Let me explain: It was just after Easter and I’d given my postman, Alan, an Easter card and tip (I was going to buy him an Easter egg but was scared I’d eat it myself).

I’d taken to leaving cards, chocolate and tips for the postman and the communal corridor cleaner at Christmas and so on because I thought that those sorts of workers may not get thanked often and, especially cleaners, they’re mostly low paid.

And now, of course, appreciation for key workers like these people, those in the NHS and supermarkets and more, has come into the limelight, for good reason. I wanted to do more than just clap on a Thursday night; I wanted to do something tangible, even if small, for people that have helped keep my little life running during a crisis that’s knocked the planet sideways. And for the moment cards, chocolate and tips is what I can do.

So there I was, half way down my stairs, with Alan having gone and spent his tip on me – how thoughtful and generous, how lucky I am, but also how frustrating! I was trying to show Alan appreciation, and treat him. If all he was going to do was then use his tip to buy chocolates for me, what was the point?! It’s weird feeling simultaneously exasperated and grateful – imagine it now, go on…. funny, hey?!

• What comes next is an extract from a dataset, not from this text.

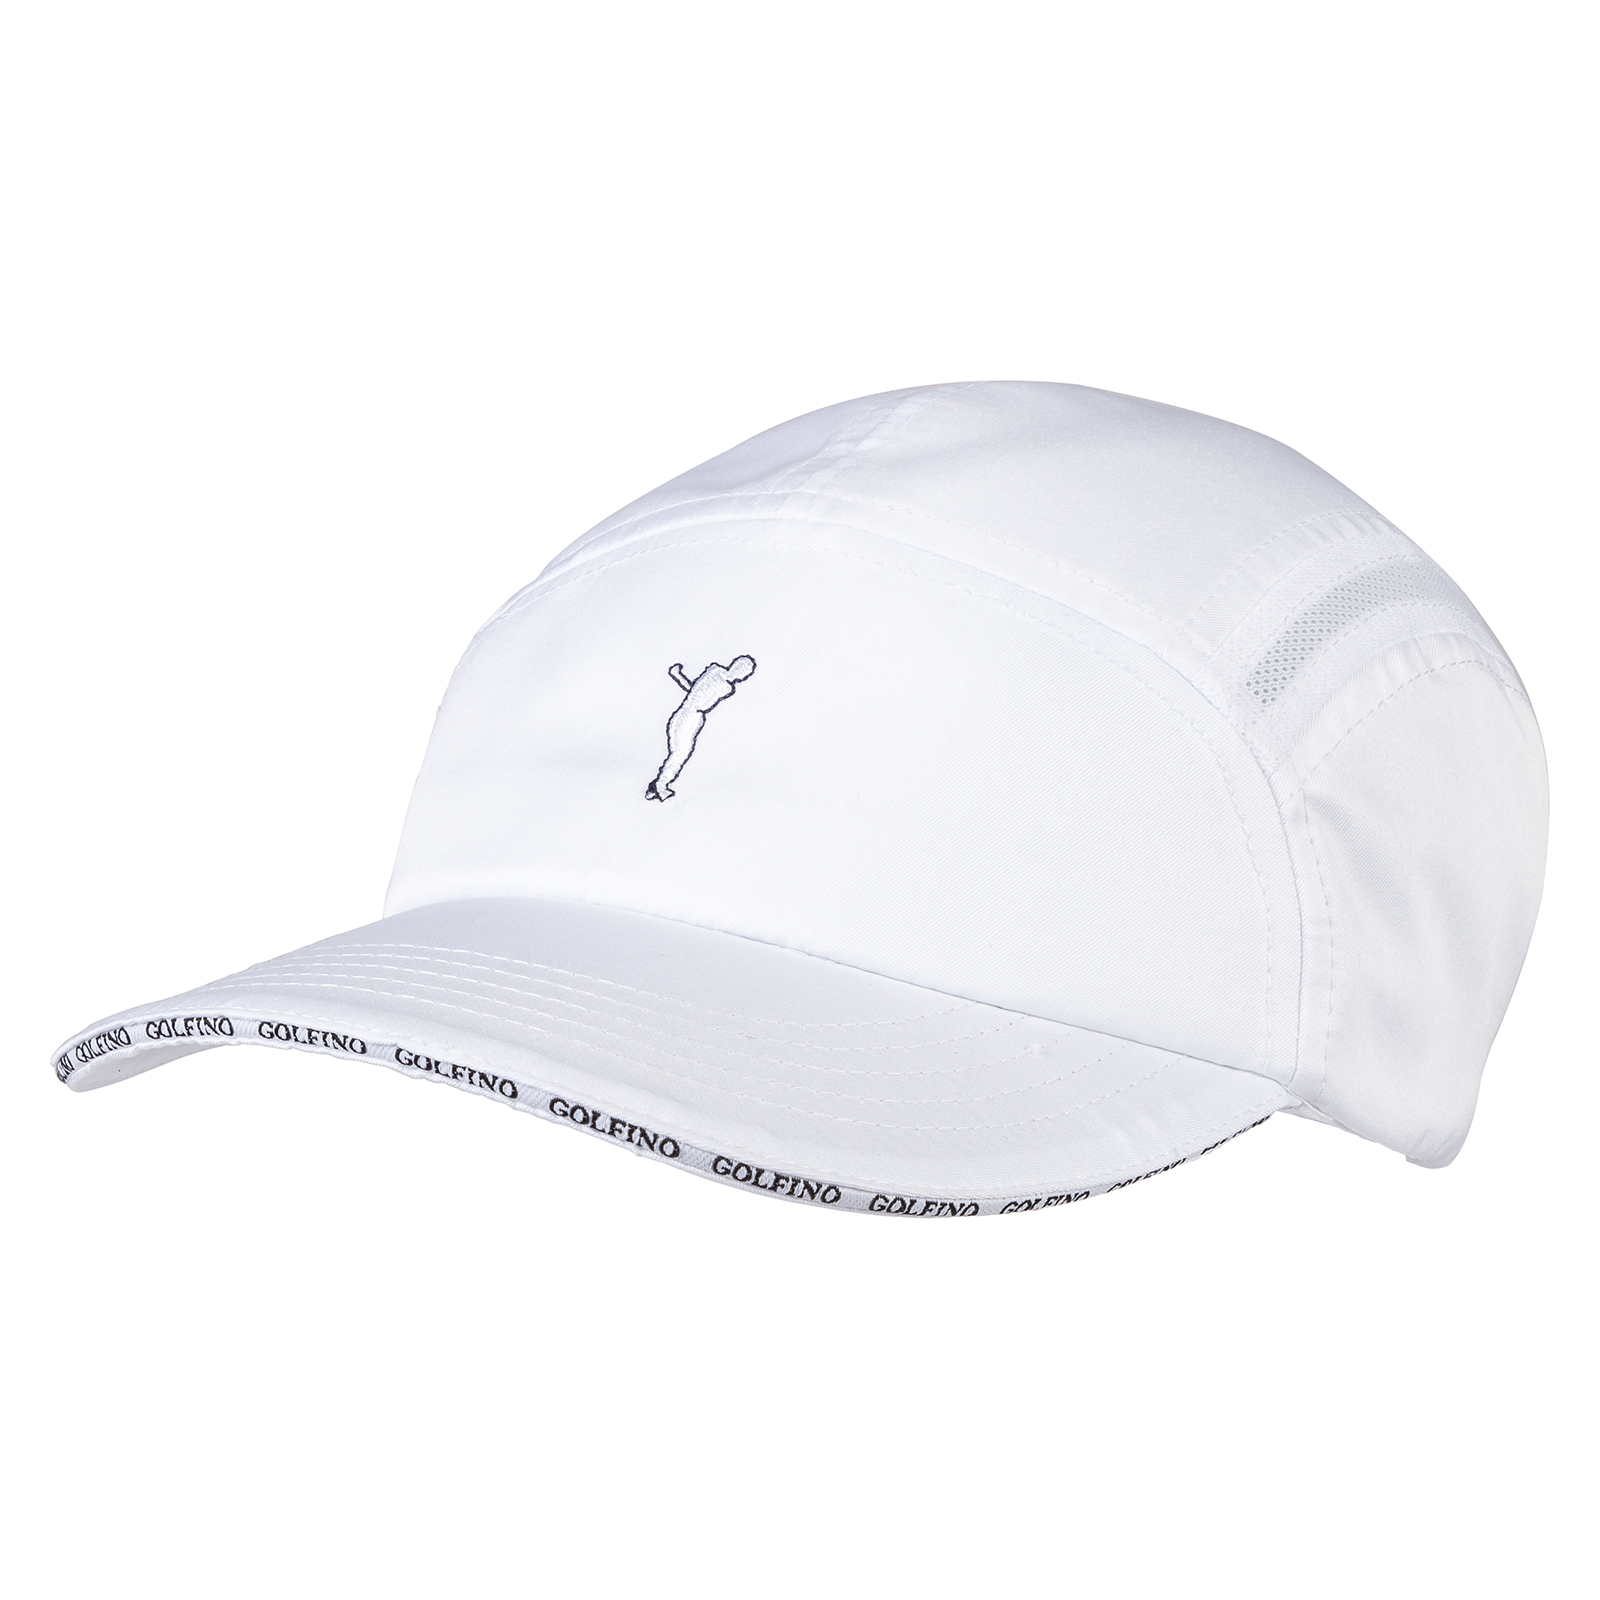 Men's lightweight golf cap with good breathing properties

But that was an instant. Then I realised something else, that something bigger, more meaningful and lasting than a small note of recognition from one to another was happening. We were creating an echo chamber of appreciation, with surprise, glee and gratitude reverberating outwards; we were experiencing human connection despite social distancing, and compassion despite stress, anxiety, fear and fatigue.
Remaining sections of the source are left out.